▸ **What to produce**: For this task, extract exactly the lines of the data below, from the line containing "Concerto de Órgão - Mosteiro dos Jerónimos" through the last one, with pictures left out.

▸ **Given material**:
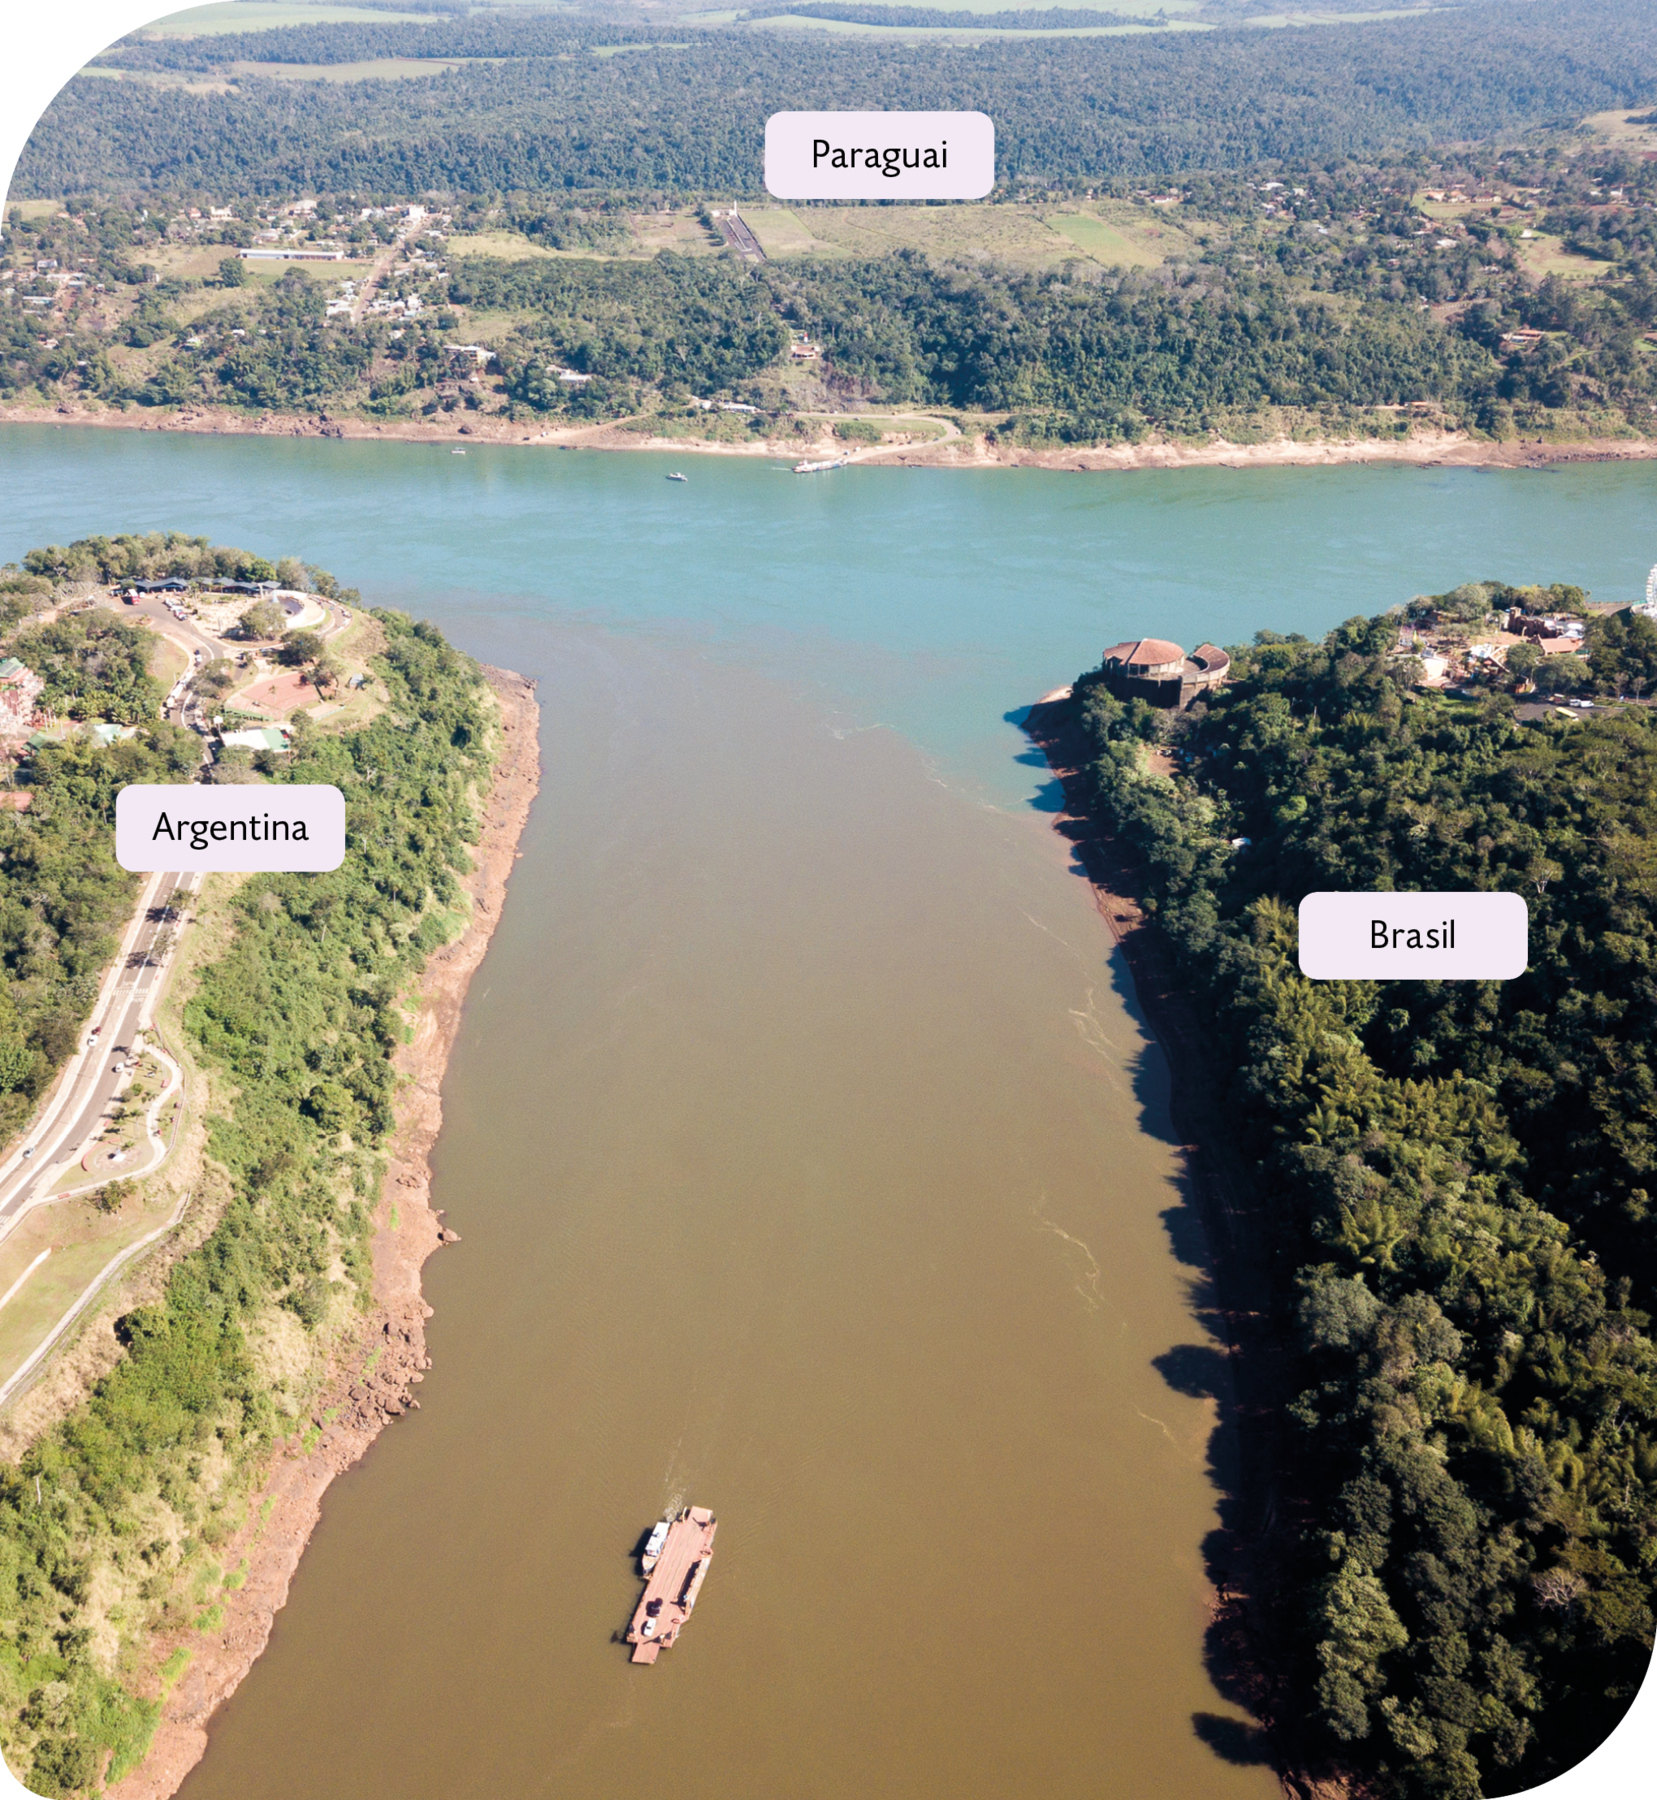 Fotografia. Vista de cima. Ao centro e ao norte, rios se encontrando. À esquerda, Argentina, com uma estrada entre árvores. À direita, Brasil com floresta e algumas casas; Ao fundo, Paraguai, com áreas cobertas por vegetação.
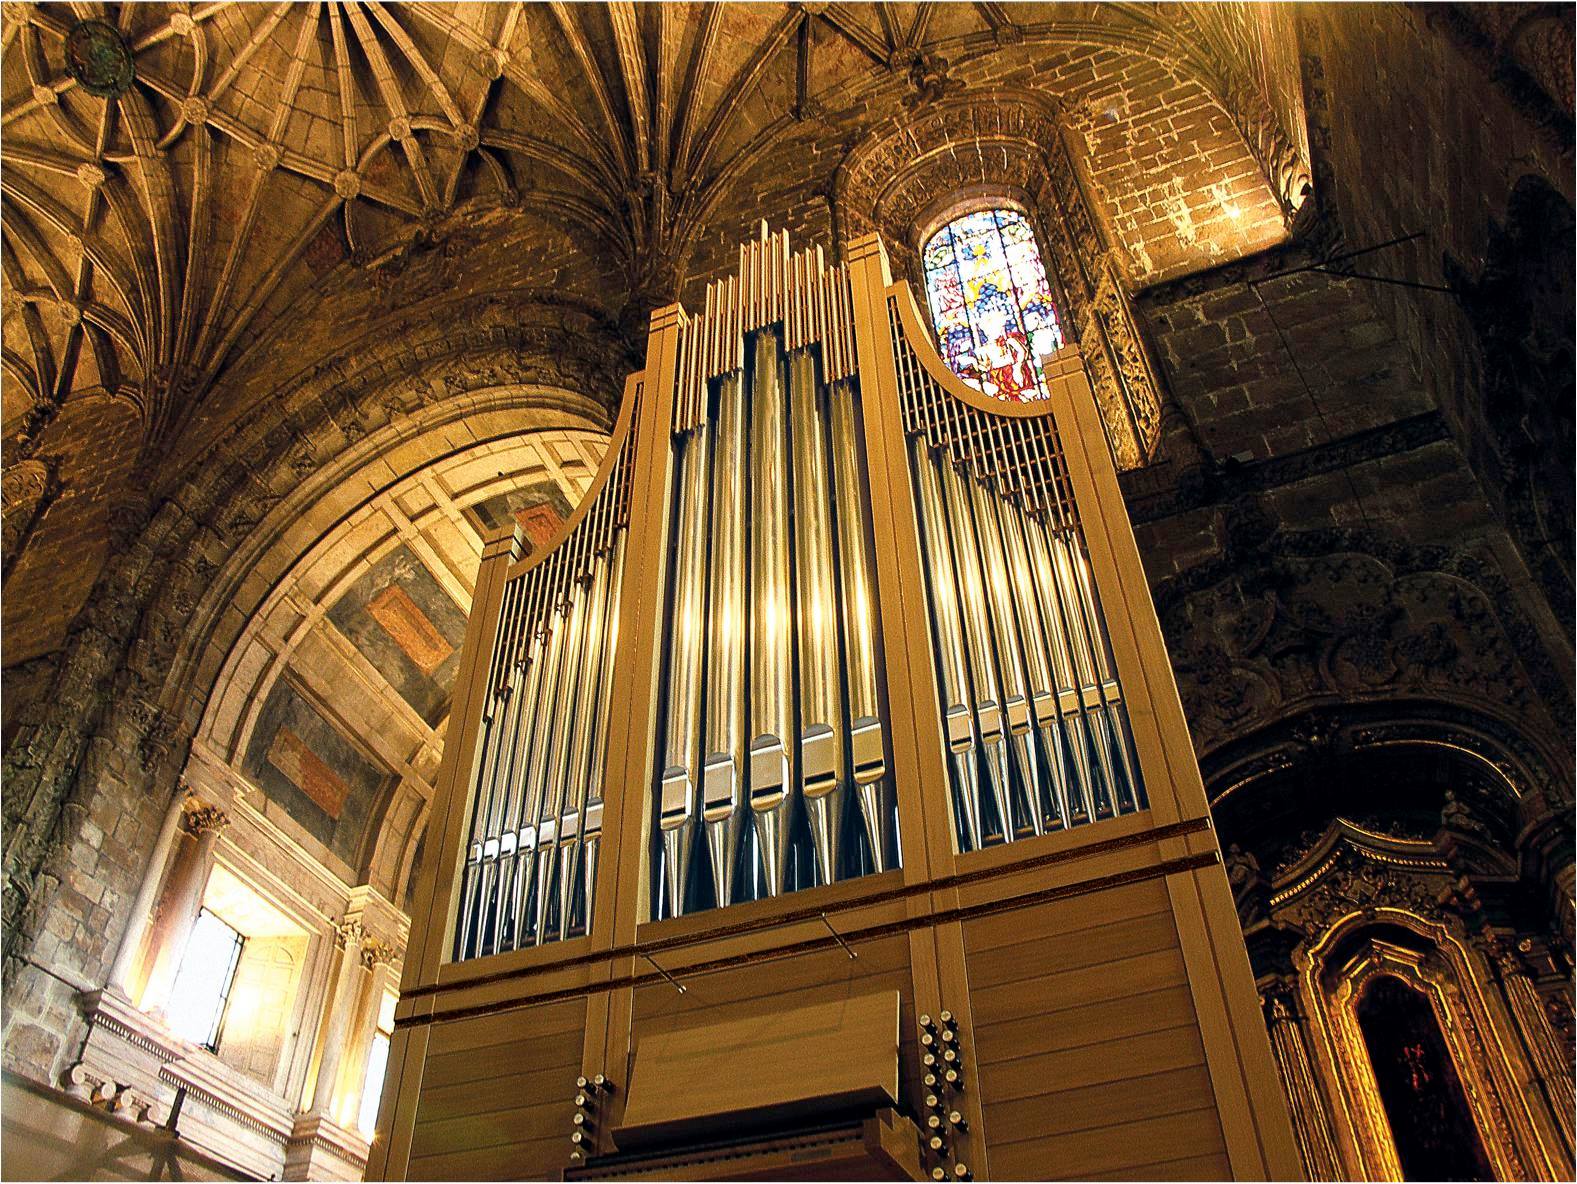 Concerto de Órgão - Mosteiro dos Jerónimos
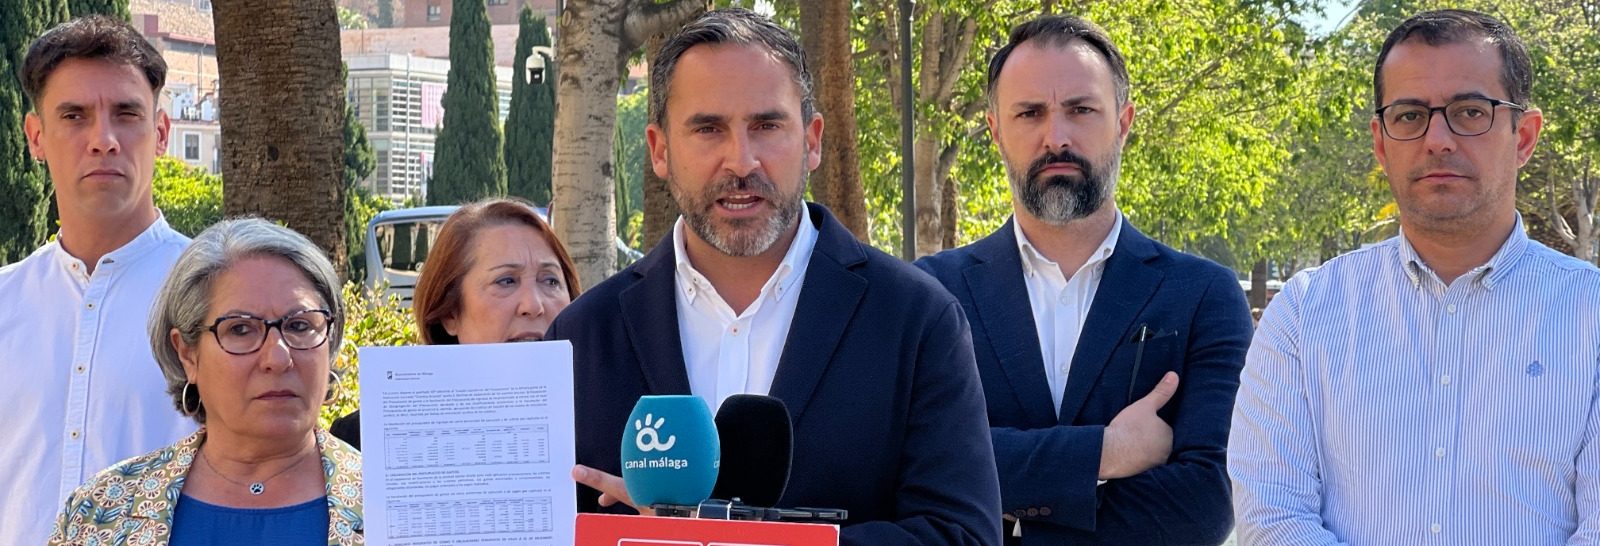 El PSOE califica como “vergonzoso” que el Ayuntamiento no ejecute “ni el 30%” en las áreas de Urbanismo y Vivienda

▸ **Task output**:
 Concerto de Órgão - Mosteiro dos Jerónimos
 El PSOE califica como “vergonzoso” que el Ayuntamiento no ejecute “ni el 30%” en las áreas de Urbanismo y Vivienda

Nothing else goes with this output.